Ci sono le tue calze rotte la notte in cui ti sei ubriacato
C'è ancora lì sul pianoforte una sciarpa blu
Ci sono le tue carte e il tuo profumo è ancora in questa casa
E proprio lì dove ti ho immaginato
C'eri tu*
La luce del sole si posò indisturbata nella parte destra del volto di Manuel, con una prepotenza inaudita, costringendolo ad affondare il volto nel cuscino. 'Non un altro giorno' fu il suo primo pensiero.
Non altra sofferenza, non ne aveva assolutamente bisogno. Eppure si era svegliato, di nuovo, un altra volta. Era passata una settimana e mezzo e lui continuava a desiderare di addormentarsi e dormire un sonno eterno. L'assenza di Simone era come al solito un enorme macigno nel petto. Solo, era l'unica parola che lo poteva descrivere al momento.
Rantolò fuori dal letto sentendo tutto il suo corpo pesare come il piombo. Senza riuscire ad alzare i piedi dal pavimento cercò di arrivare al bagno. Entro un'ora sarebbe dovuto essere al lavoro. Aveva accettato uno straordinario nello squallido bar dove lavorava, nonostante il sabato fosse il suo giorno libero.
Ma lui di libero non voleva avere neanche un attimo. Non voleva aver la possibilità di fermarsi a pensare, di fermarsi a realizzare. Di quello si trattava, realizzare, da una parte accettare. Elaborare.
Ma non ne era capace, non era pronto, non era quel che voleva. Vivere in un ricordo era letteralmente la cosa più difficile che potesse fare eppure la sentiva più facile, più fattibile. Non sarebbe sceso a compromessi con la realtà. Non avrebbe retto il colpo, sicuramente.

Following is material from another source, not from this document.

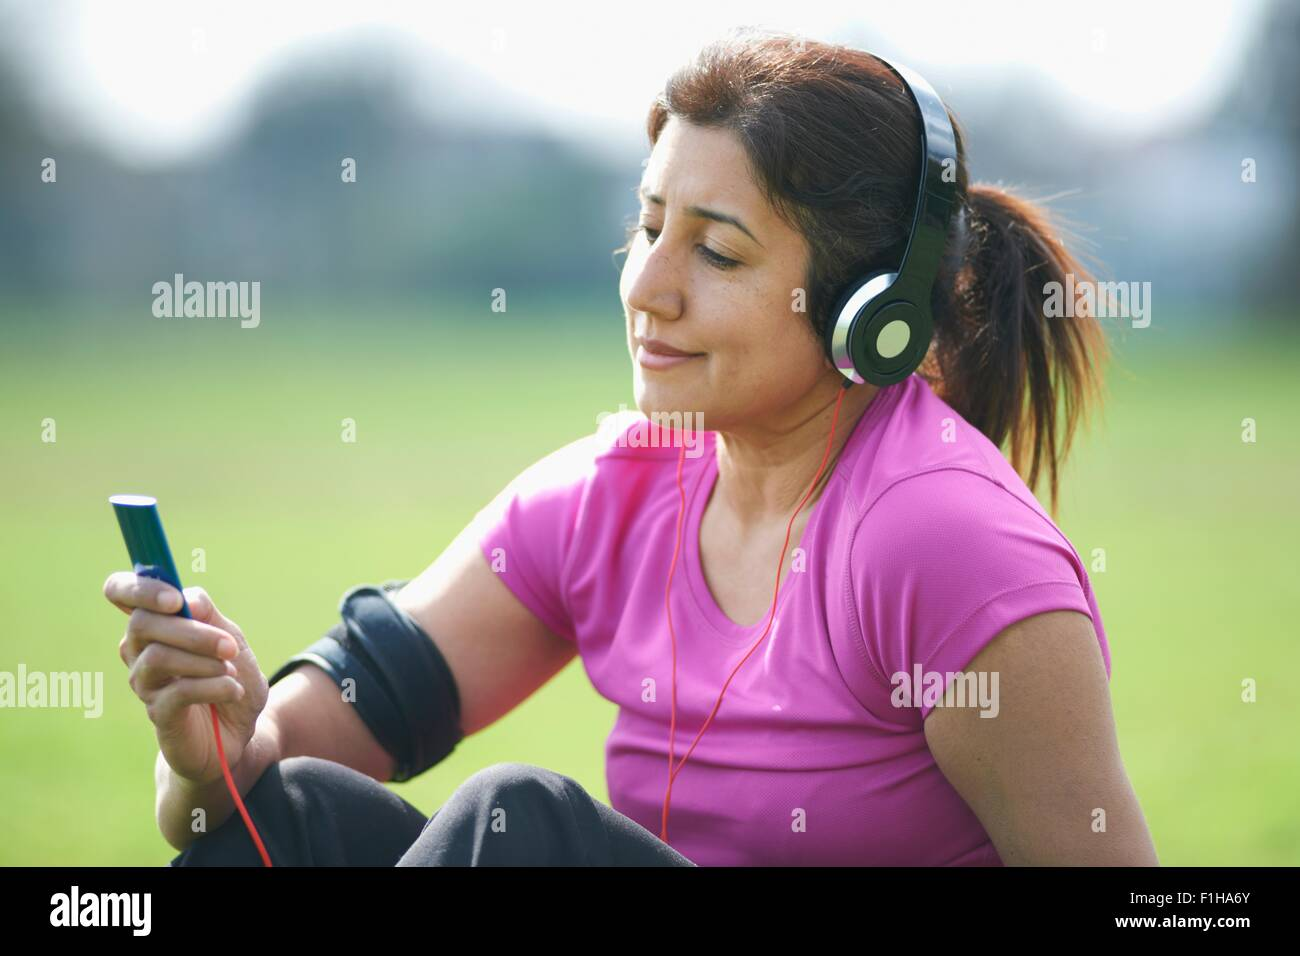 Reife Frau Übung Pause im Park Auswahl Musik vom MP3-player Stockbild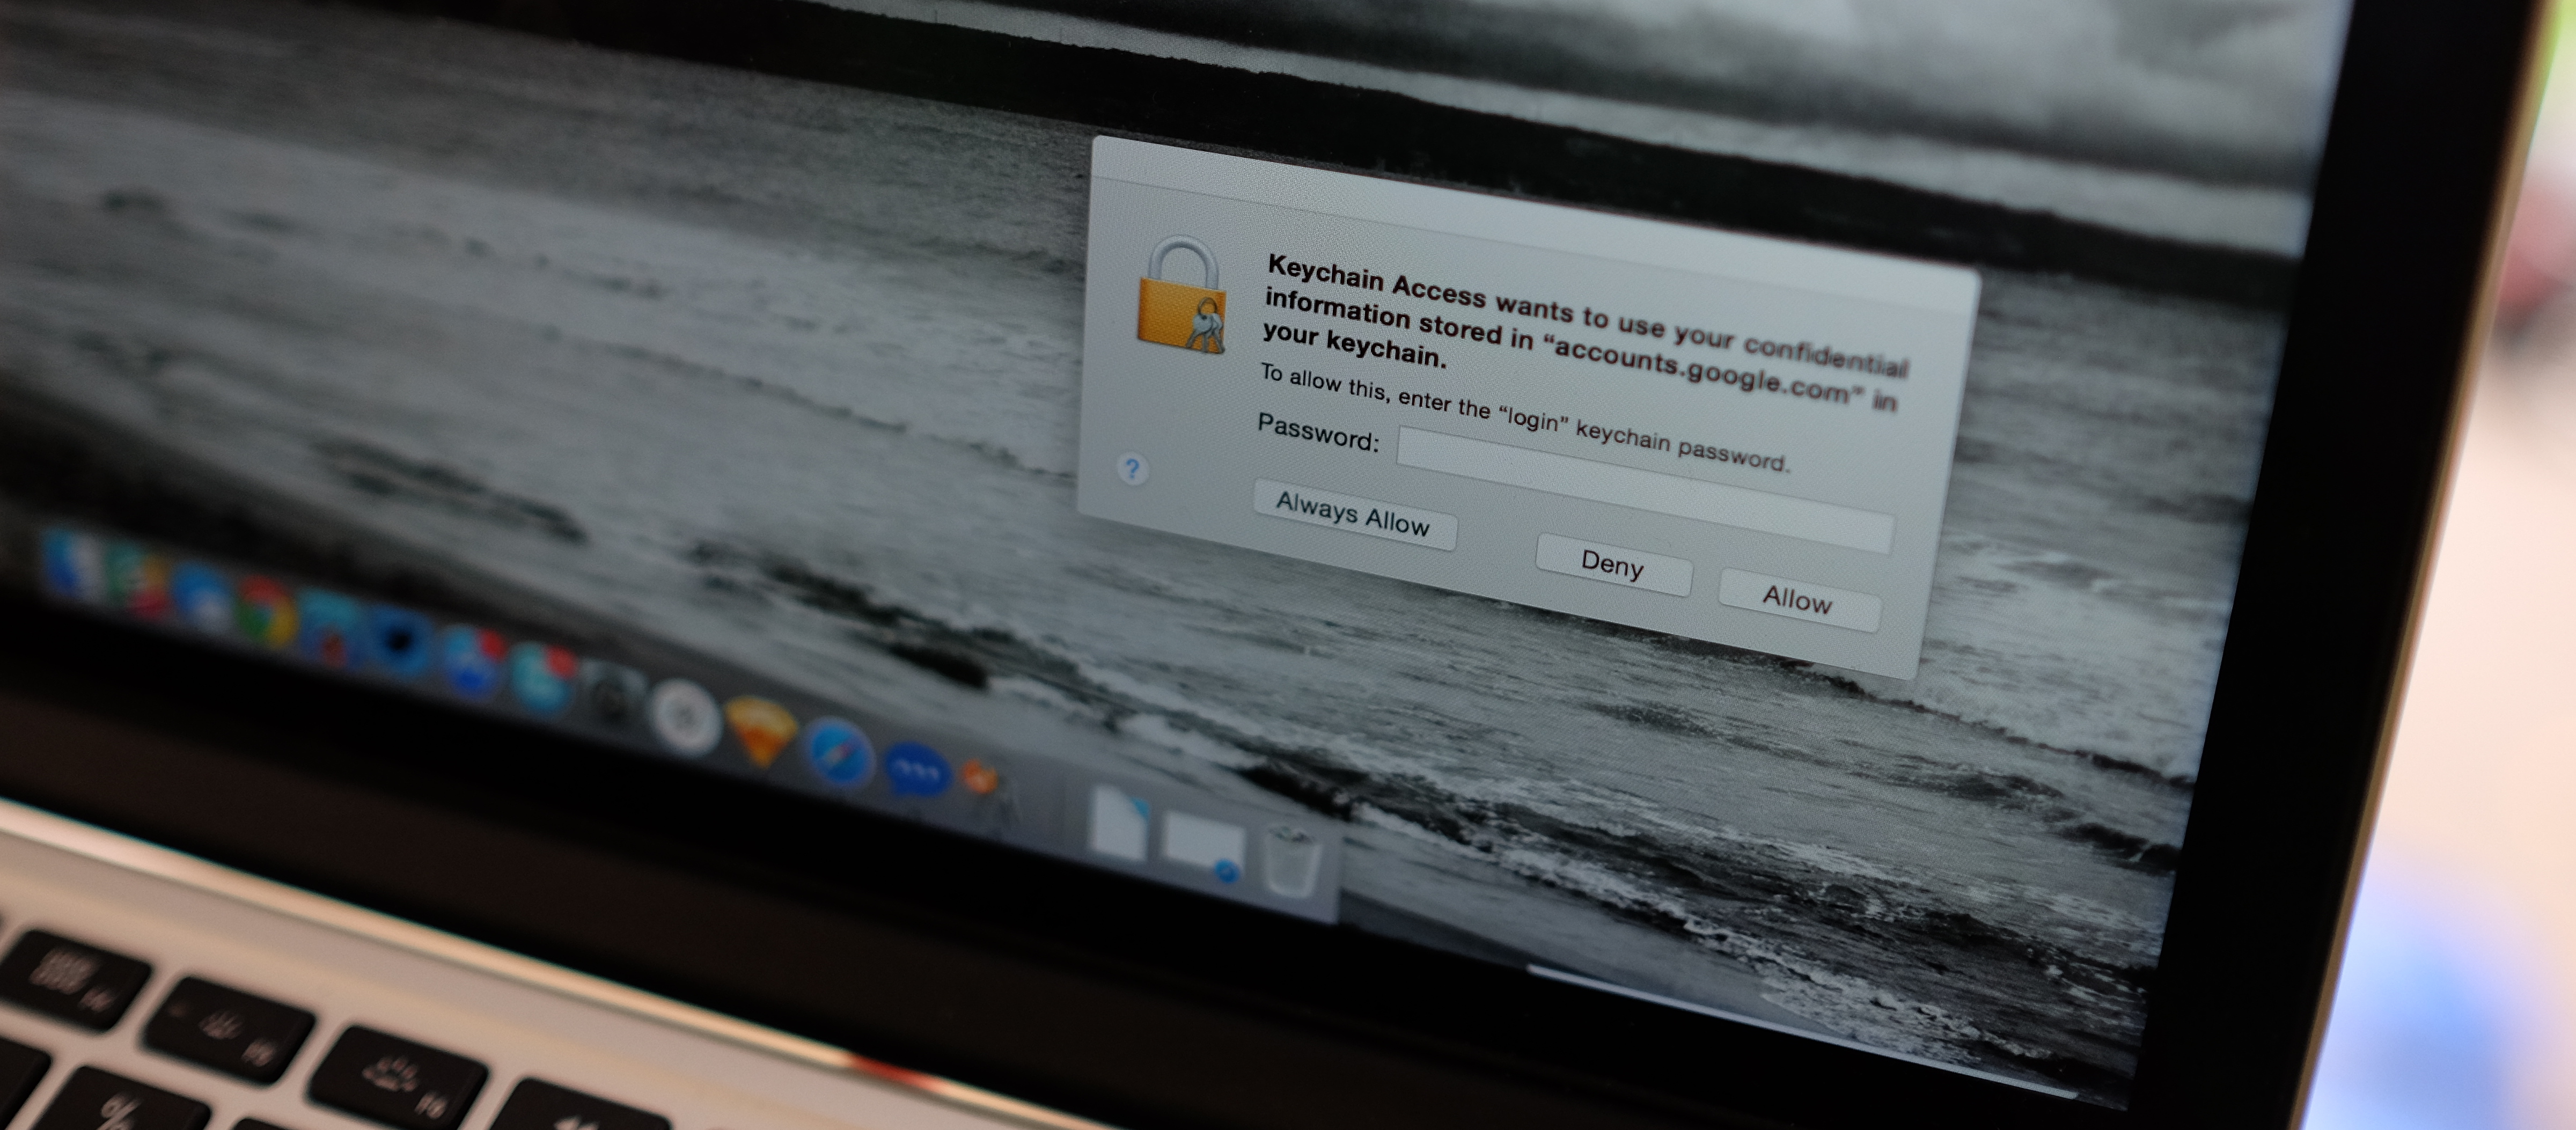 New OS X exploit breaks Keychain's security, exposes passwords

Il suo telefono abbandonato per terra iniziò a vibrare e il ronzio gli arrivò diretto alle orecchie, facendolo sussultare leggermente e spezzando il silenzio assoluto che ormai faceva da padrone nell'appartamento. Dall'orologio al suo polso riuscì a vedere il nome di sua madre, decidendo così di ignorare la chiamata insieme alla fitta al petto che ogni volta gli provocava vedere al suo polso il regalo che Simone gli aveva fatto per compleanno. Ma non riusciva a toglierlo, lo sentiva ancorato alla pelle, come se fosse diventato parte di essa, fuso con le sue cellule epiteliali.
Dopo 5 minuti buoni in cui si era immerso la faccia svariate volte nell'acqua fredda decise che era il momento di prepararsi. Evitò la doccia dove ancora giacevano per terra il bagnoschiuma al muschio bianco di Simone e la sua spugna verde.
Decisamente non era pronto. Tornò in camera, raccogliendo il cellulare, scansando il lenzuolo che lo ricopriva in parte. Rivelando però in quel modo un altro dettaglio, risalente solo a qualche sera prima.
*
Simone aveva decisamente bevuto troppo. Quella festa di ritrovo era stata inaspettatamente bella e piena di emozioni. A tutti, per una sera, era sembrato di essere tornati al liceo. Invece erano tutti così cambiati, tutti cresciuti e più o meno maturati.
Eppure nell'ebrezza di quella ventata di aria di liceo, la serata avevano deciso di finirla in discoteca, in mezzo a ragazzini decisamente più piccoli di loro, in mezzo a corpi sudati, a drink appiccicosi per terra e sigarette fumate solo per metà.
E Simone si era comportato come un ragazzino. Aveva bevuto, dimenticandosi probabilmente che lui l'alcol non lo reggeva proprio. Ma fomentato dagli ex compagni, l'alcol aveva un sapore diverso. Sapeva di cambio della monotonia in cui si sentiva confinato.
Andava tutto bene nel fumo in cui la sua mente si trovava in quel momento, i problemi con Manuel non erano che uno sfondo poco rumoroso, un brusio lontano e indistinto, che ormai non lo disturbava più. Almeno, non lo disturbava finché la mano di Manuel gli si attanagliò al bicipite, stretta in una morsa fatta apposta per far male.